Вся разница между ними, согласно Маркузе, в том, что, если у Гегеля «негативная тотальность» была «тотальностью разума», то у Маркса она была связана с историческими условиями, с определенной формой развития общества.

Маркузе «обвиняет» марксистскую диалектику в том, что она «не учитывая» всех реальных изменений, и прежде всего недооценивая «силы интеграции и сдерживания, действующие на поздней ступени капитализма», исходит из рассмотрения прогресса как результата внутреннего развития системы, считая, что «будущее всегда уже коренится внутри существующего» [48]. По мнению же Маркузе, конкретная целостность, т. е. определенная социальная система, должна быть снята не изнутри, а извне.
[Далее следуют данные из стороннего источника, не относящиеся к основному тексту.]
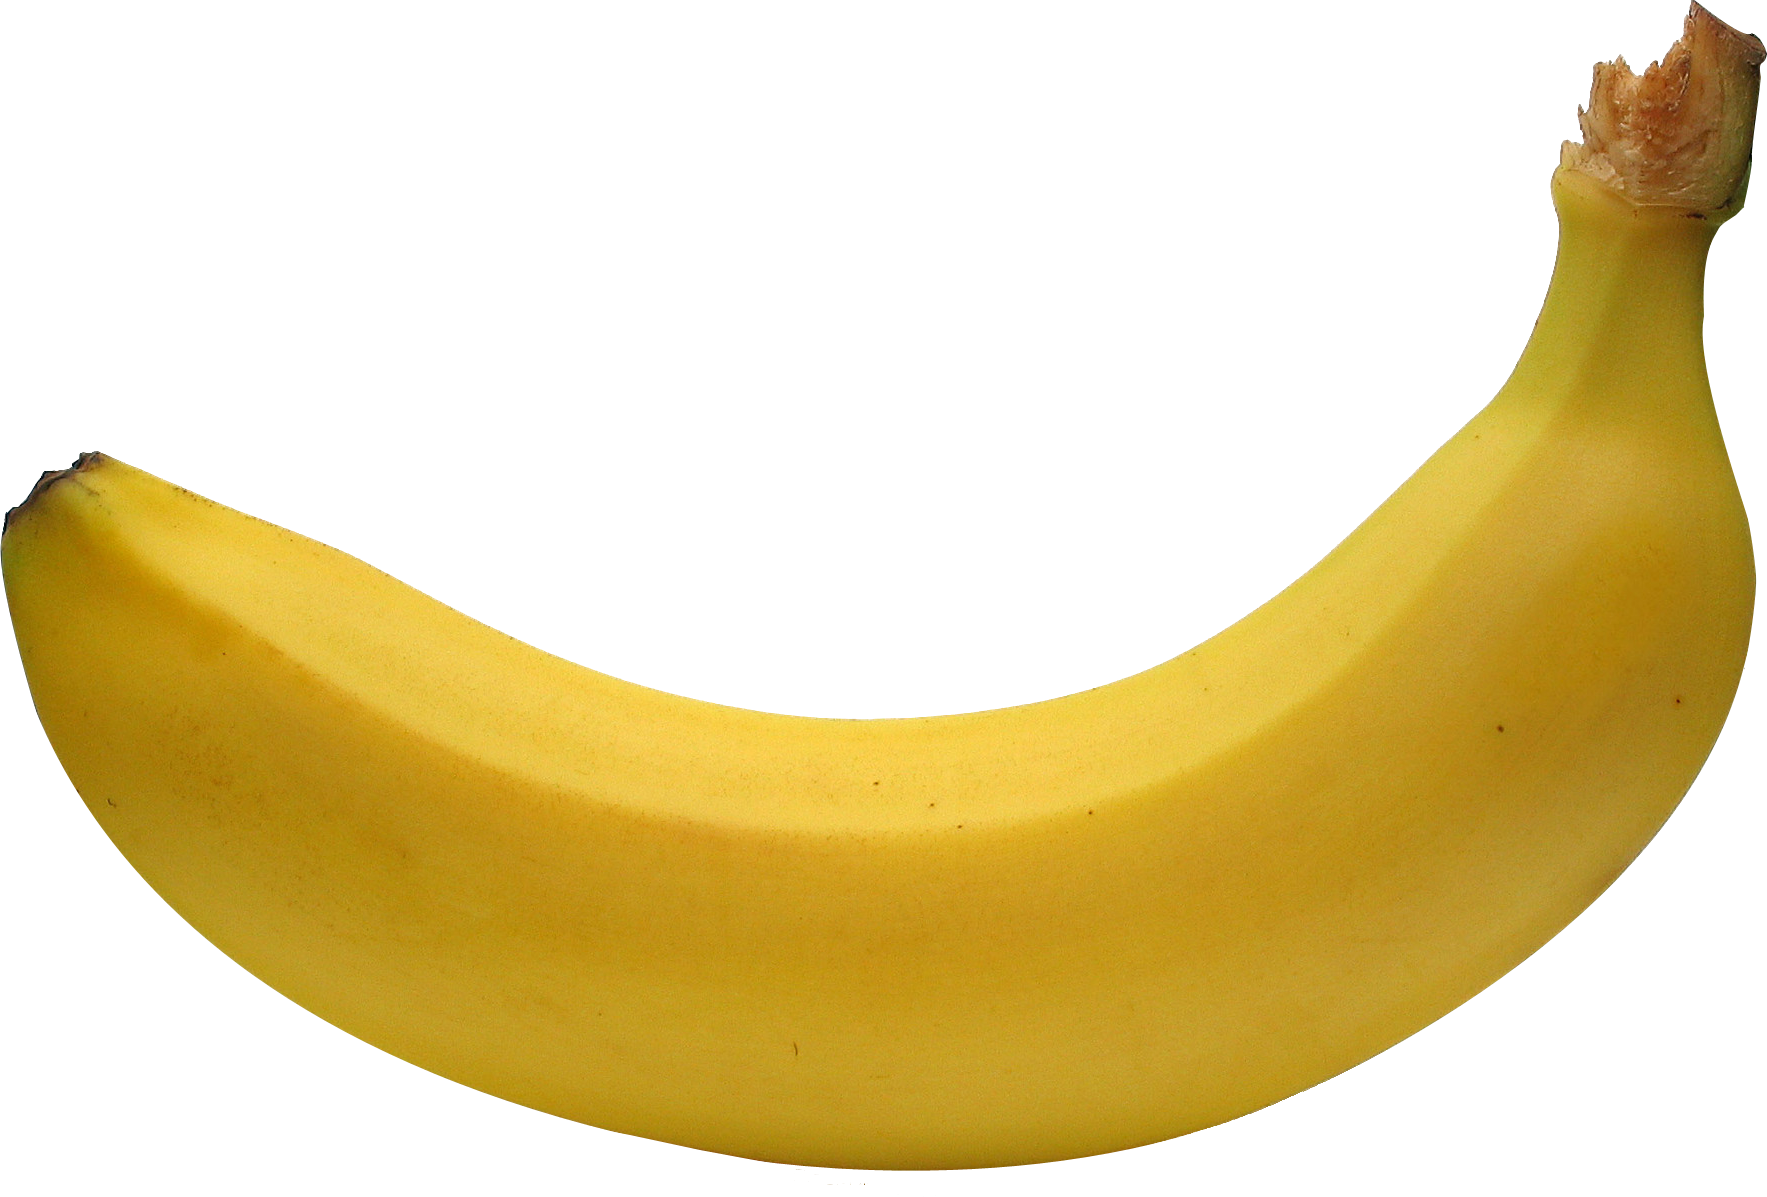 banana_PNG835
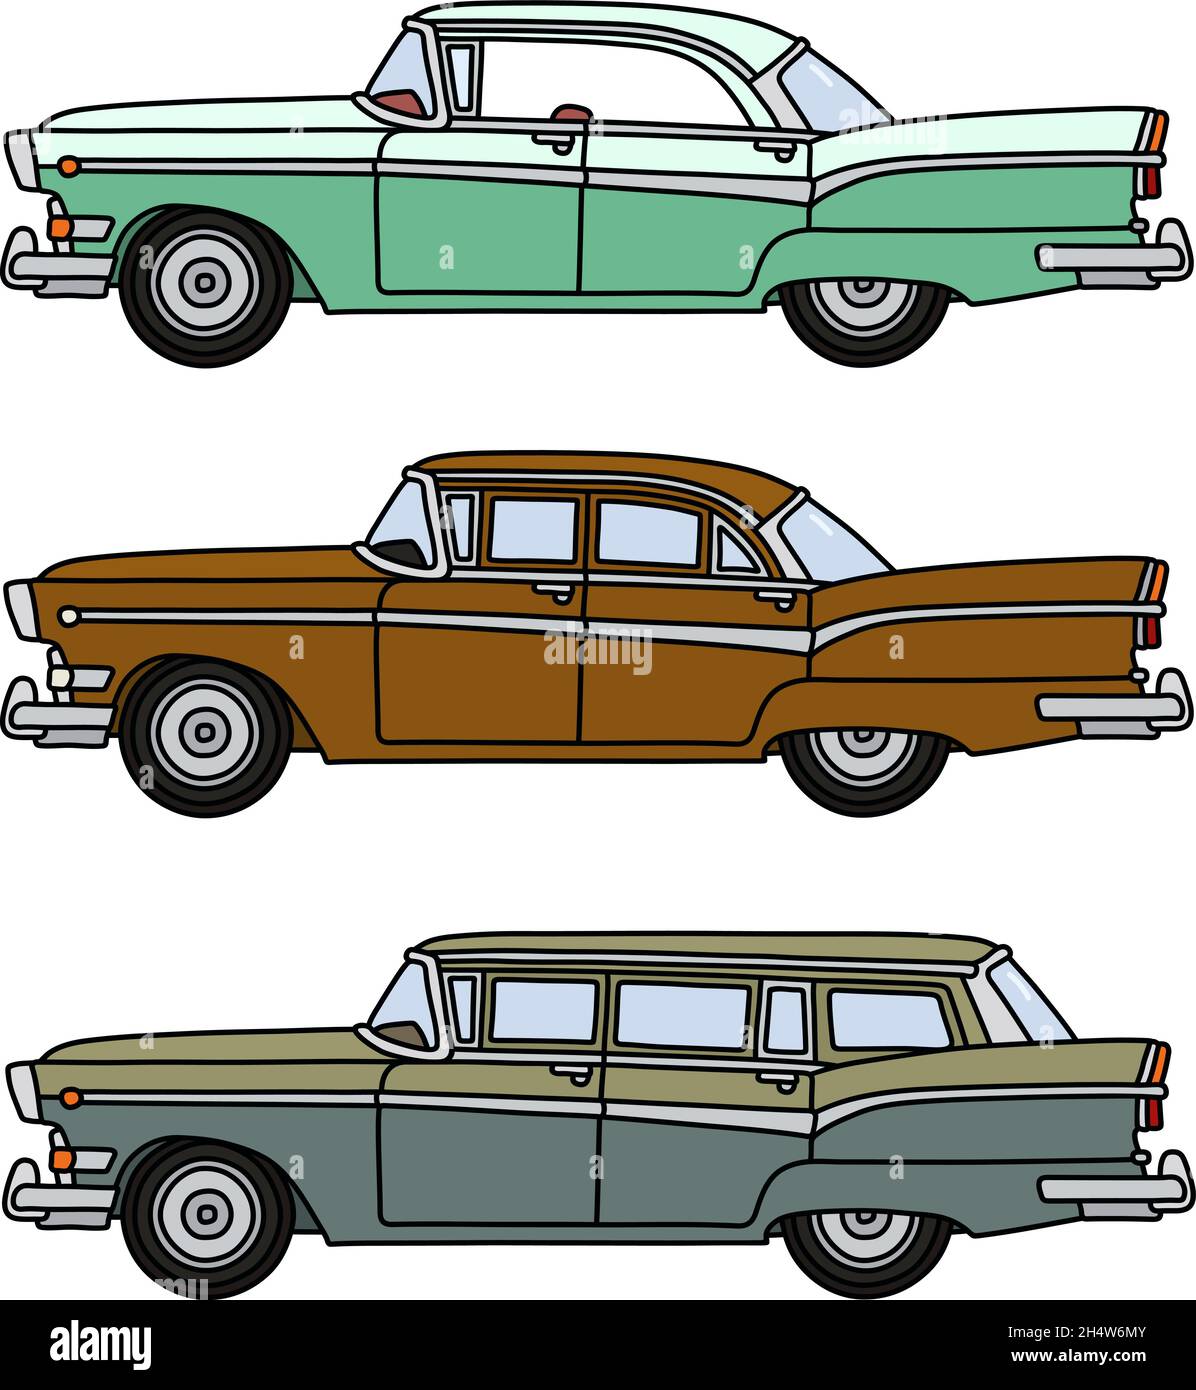 Il disegno a mano vettorizzato di tre divertenti auto vecchie e grandi americane Illustrazione Vettoriale

Желая избежать упреков в механистическом подходе к вопросам диалектики, Маркузе оговаривается при этом, что «всякое определенное общественное целое должно само быть частью еще большей тотальности, внутри которой оно может быть поражено извне» [49]. Действительно, если речь идет о рассмотрении функционирования и развития определенной системы не как изолированной от других, качественно однородных систем, а во взаимодействии с этими системами, составляющими в совокупности новую, более широкую целостность, то постановка вопроса об изменении роли и границ «внутренних» и «внешних» факторов социального развития правомерна. Но даже и в этом случае изменение соотношения между внутренним и внешним происходит за счет расширения рамок «внутреннего»: то, что ранее имело место, например, в рамках одной капиталистической страны, теперь имеет смысл применительно к мировой капиталистической системе в целом.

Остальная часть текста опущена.